I’ve been getting a lot of questions and calls from both prospective solar clients and even peers in the solar industry regarding if the solar tax credits will continue, if the solar sector will face setbacks, and what the future holds under the new White House administration. So, let’s dive into these concerns and shed some light on the future of the solar industry.


Solar Industry: Challenges and Opportunities


As the new administration takes office, the US solar industry faces a unique set of challenges and opportunities. Recent executive orders haven’t targeted solar directly, but there’s been some anxiety around federal climate spending and the future of the Inflation Reduction Act (IRA). Despite these concerns, the solar industry is supported by IRA tax credits, which are expected to fuel significant growth in solar manufacturing capacity in the U.S., from 17 gigawatts in 2023 to 66 gigawatts by 2025. This expansion suggests a promising future for American-made solar panels.
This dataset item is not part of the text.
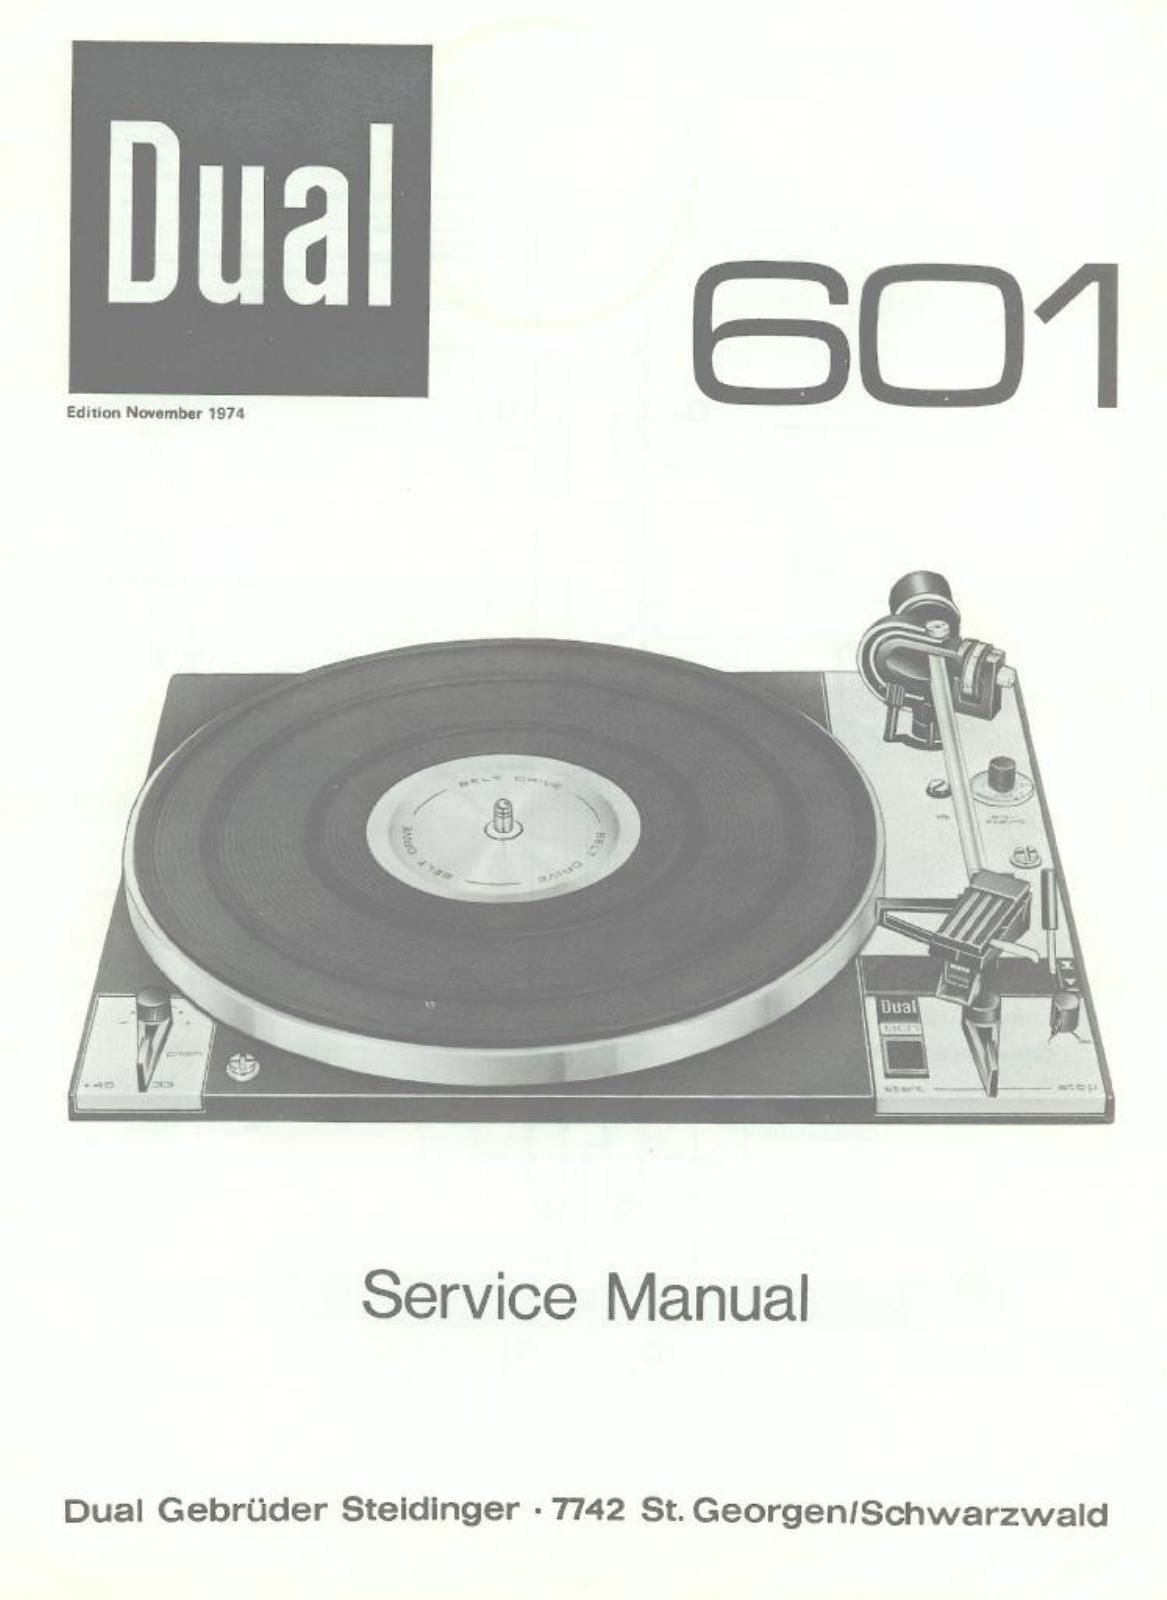 Dual 601 Service Manual

The State of Solar Tax Credits


With the Inflation Reduction Act signed into law in 2022, the solar industry saw a significant boost. This act not only solidified but expanded the Investment Tax Credit (ITC), maintaining a 30% tax credit for solar photovoltaic systems installed by 2032, before tapering down slightly in subsequent years  . This extension aims to continue supporting residential and commercial solar investments, reassuring those considering solar that benefits are poised to remain strong for the next decade.


Manufacturing and Job Creation


Despite potential policy shifts under the Trump administration, the solar industry’s foundation remains robust, largely supported by incentives for domestic manufacturing included in the IRA. This legislation has spurred the growth of solar panel manufacturing facilities across states like Texas and Ohio, fostering job creation and reducing dependency on imported solar components . This focus on strengthening American solar manufacturing captures bipartisan support, underscoring the industry’s resilience and growth potential


Strong Foundations and Optimism in the Industry


Abby Hopper, head of the Solar Energy Industries Association (SEIA), remains optimistic. She highlights that the solar industry expanded by 128% during Trump’s first term and aligns well with many of the administration’s priorities, such as enhancing American manufacturing and reducing dependency on foreign energy sources. This alignment suggests that solar will continue to play a critical role in the U.S. energy sector.
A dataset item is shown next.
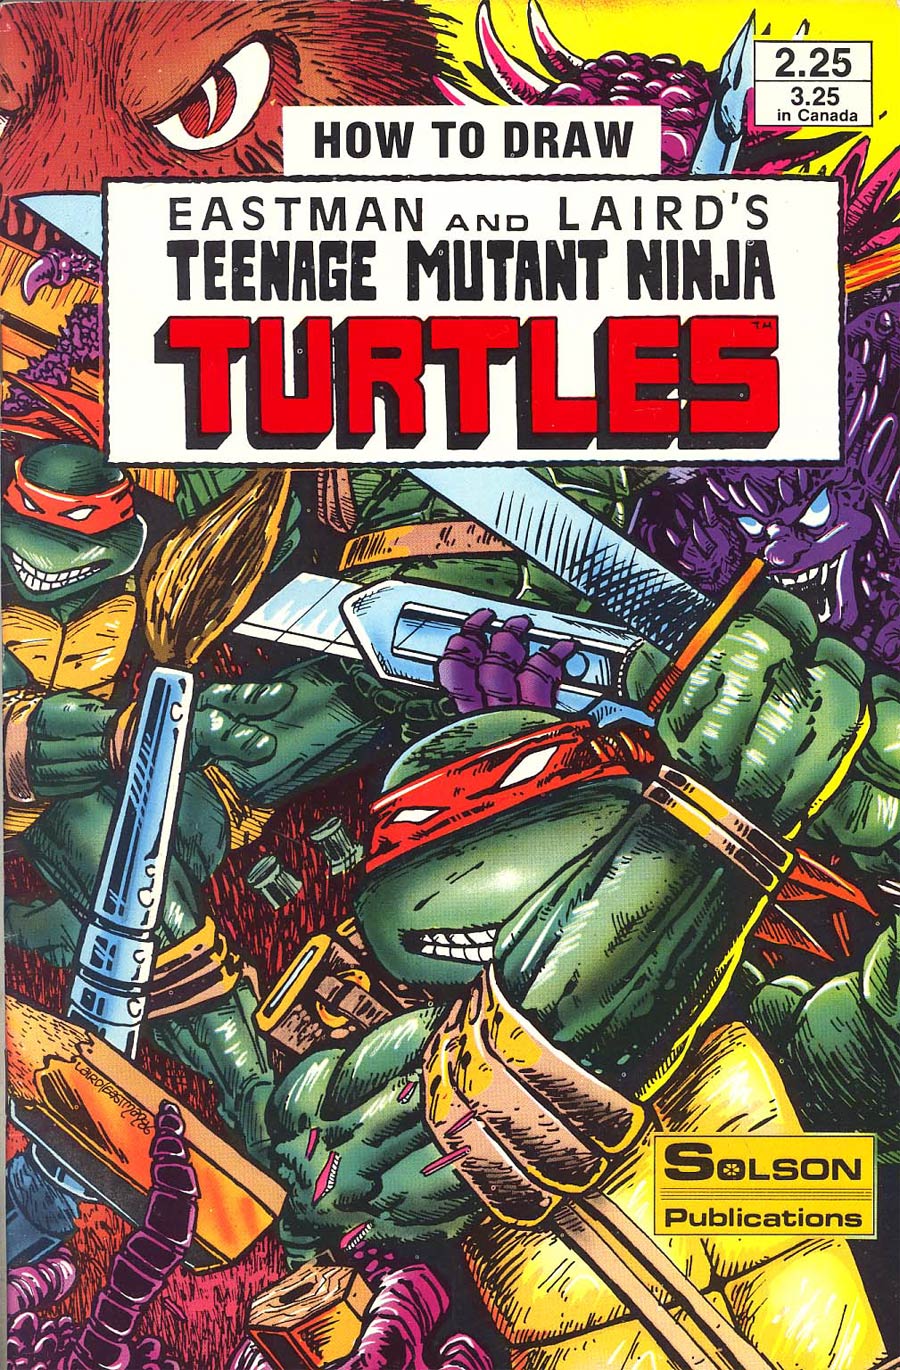 How To Draw Teenage Mutant Ninja Turtles #1

California’s Rising Utility Costs: A Call to Action


For those of us in California, recent wildfires and other environmental impacts make a compelling case for switching to solar sooner rather than later. With the expected increase in utility rates due to these disasters, going solar now can help lock in lower energy costs. This situation is akin to buying flood insurance in a known flood zone before the waters rise—it’s a proactive measure to mitigate future financial impact.


Utilities like Pacific Gas & Electric (PG&E) have been significantly impacted by billions in liabilities from wildfire damages, leading to higher rates for consumers as utilities seek to recoup losses through rate increases approved by regulatory bodies like the California Public Utilities Commission  .
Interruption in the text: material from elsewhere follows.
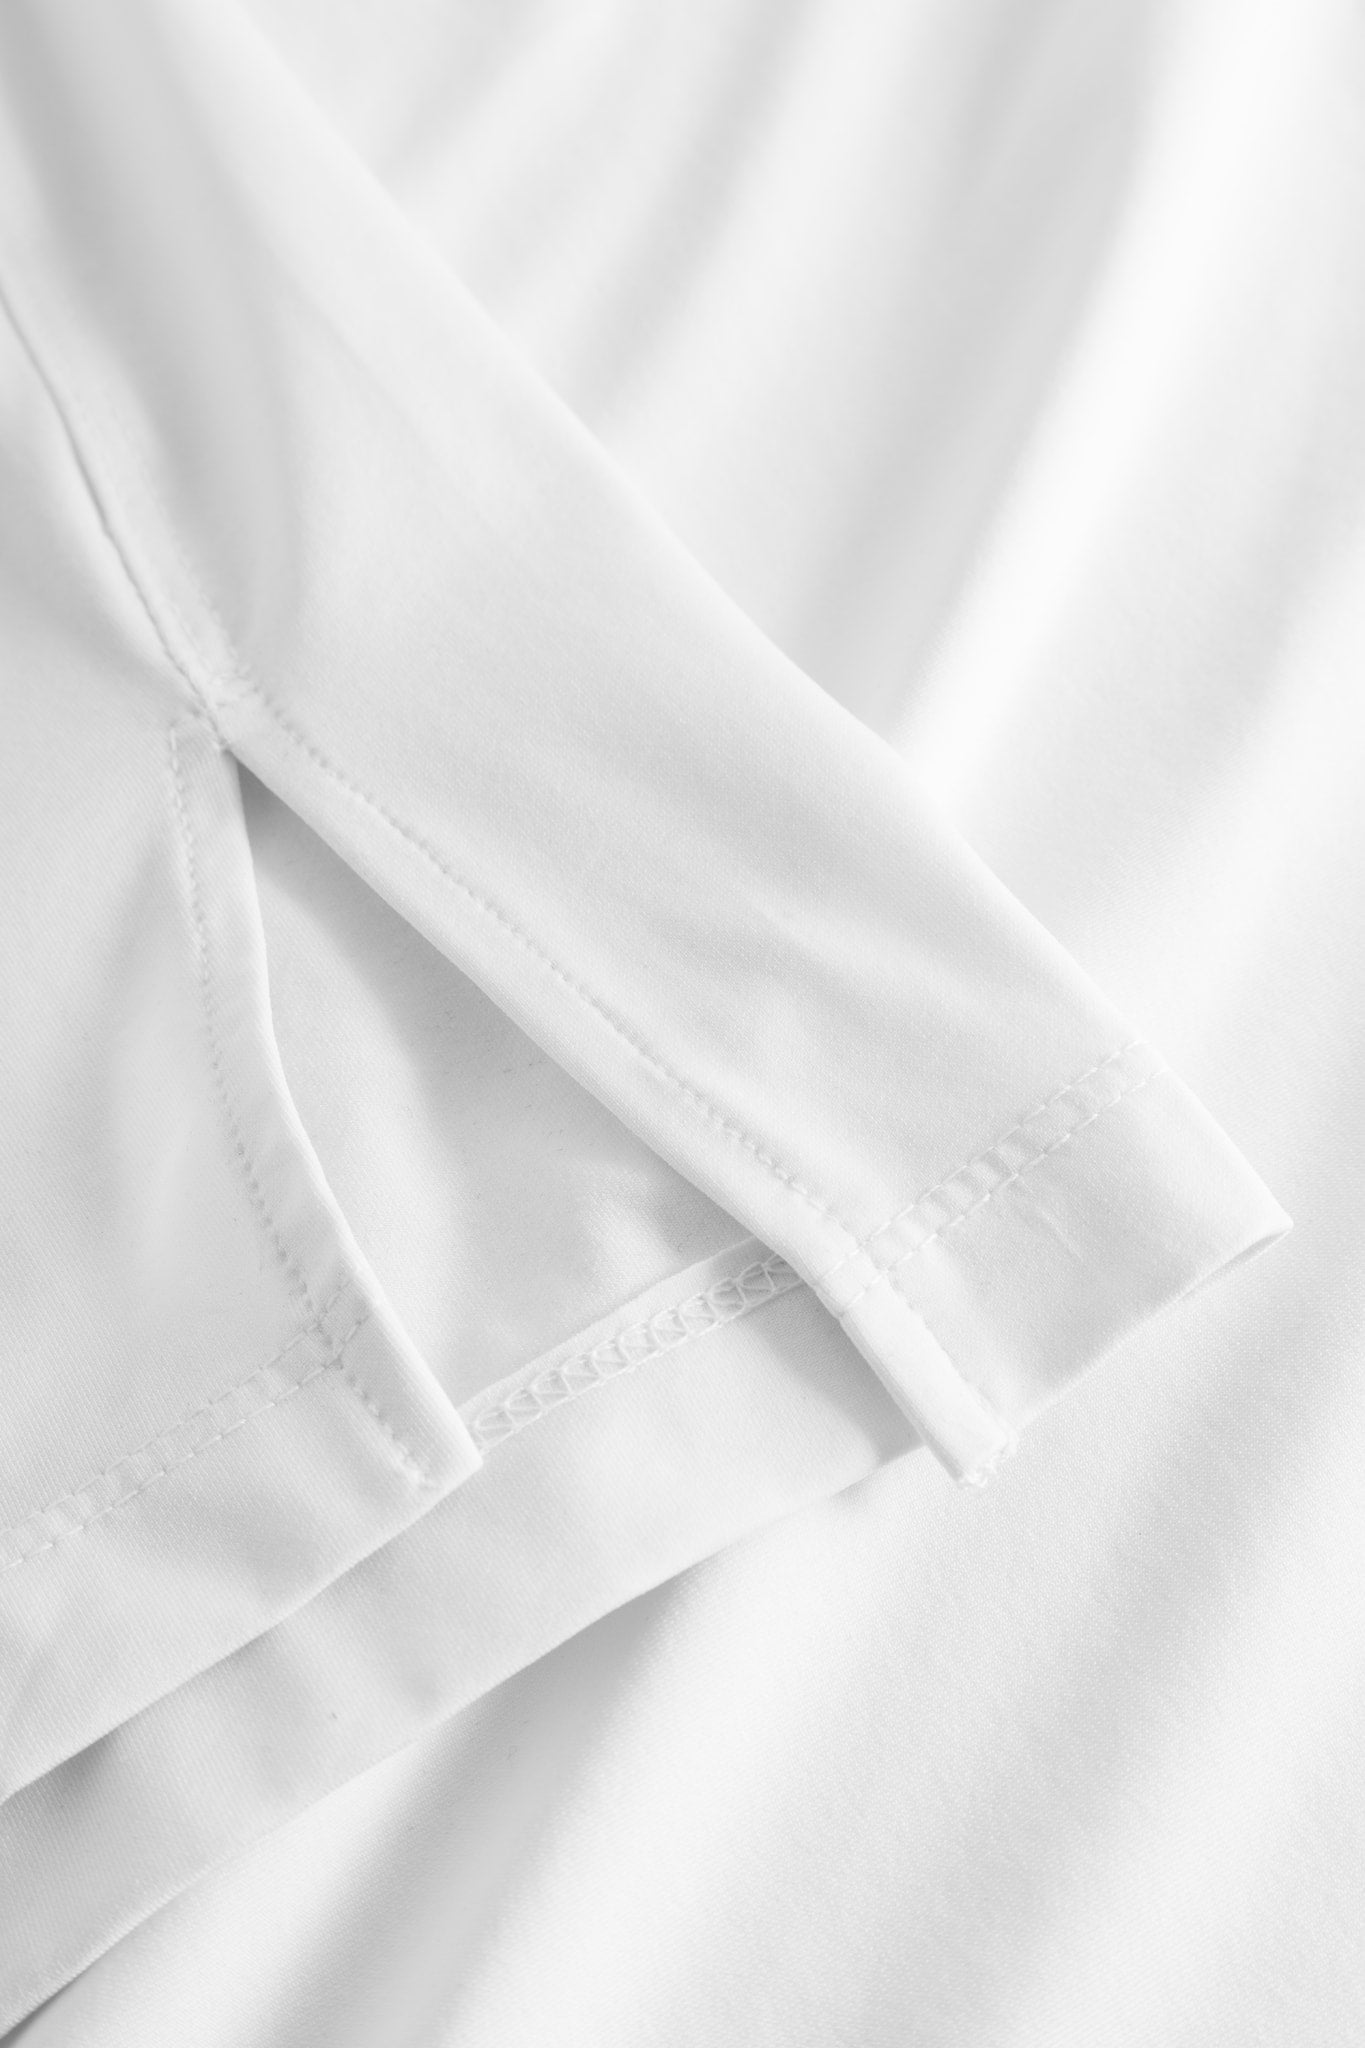 Oncourt Crop WPC  T-Shirt - White

The Impact of Policy Changes


While some homeowners are waiting to see if the administration will reduce utility costs, it’s important to remember that solar tax credits have strong bipartisan support and are less likely to be repealed. The industry has shown resilience and adaptability despite previous policy shifts, and state-level incentives continue to support solar adoption regardless of federal changes.


Final Thoughts: Why Go Solar Now?

The Solar Energy Industries Association (SEIA) projects substantial growth in U.S. solar capacity, set to increase from 17 gigawatts in 2023 to 66 gigawatts by 2025. This expansion is supported by the Inflation Reduction Act, which prioritizes domestically produced solar components, boosting the appeal of American-made solar solutions.


For Californians, the urgency to switch to solar is underscored by the rising utility costs due to recent devastating wildfires. Utilities like PG&E, SCE and SDG&E, financially strained by billions in lawsuit settlements and infrastructure upgrades, are passing these costs onto consumers through higher rates. Transitioning to solar now through options like Power Purchase Agreements (PPAs) allows you to lock in lower energy costs and shield yourself from these increasing rates.


Here’s the deal: change can be daunting, but the cost of inaction could be higher. This isn’t just about switching to solar; it’s about taking charge of your financial future in an environment where energy costs will only go up. The energy decisions you make today are crucial. Don’t wait for the next electricity bill to push you into action. If you’re ready to take a step towards financial predictability and energy independence, let’s connect. Make the call now and start your journey to a more controlled and sustainable energy future. Don’t let rising costs dictate your next move—act now, secure your rates, and protect your wallet. Doc's orders!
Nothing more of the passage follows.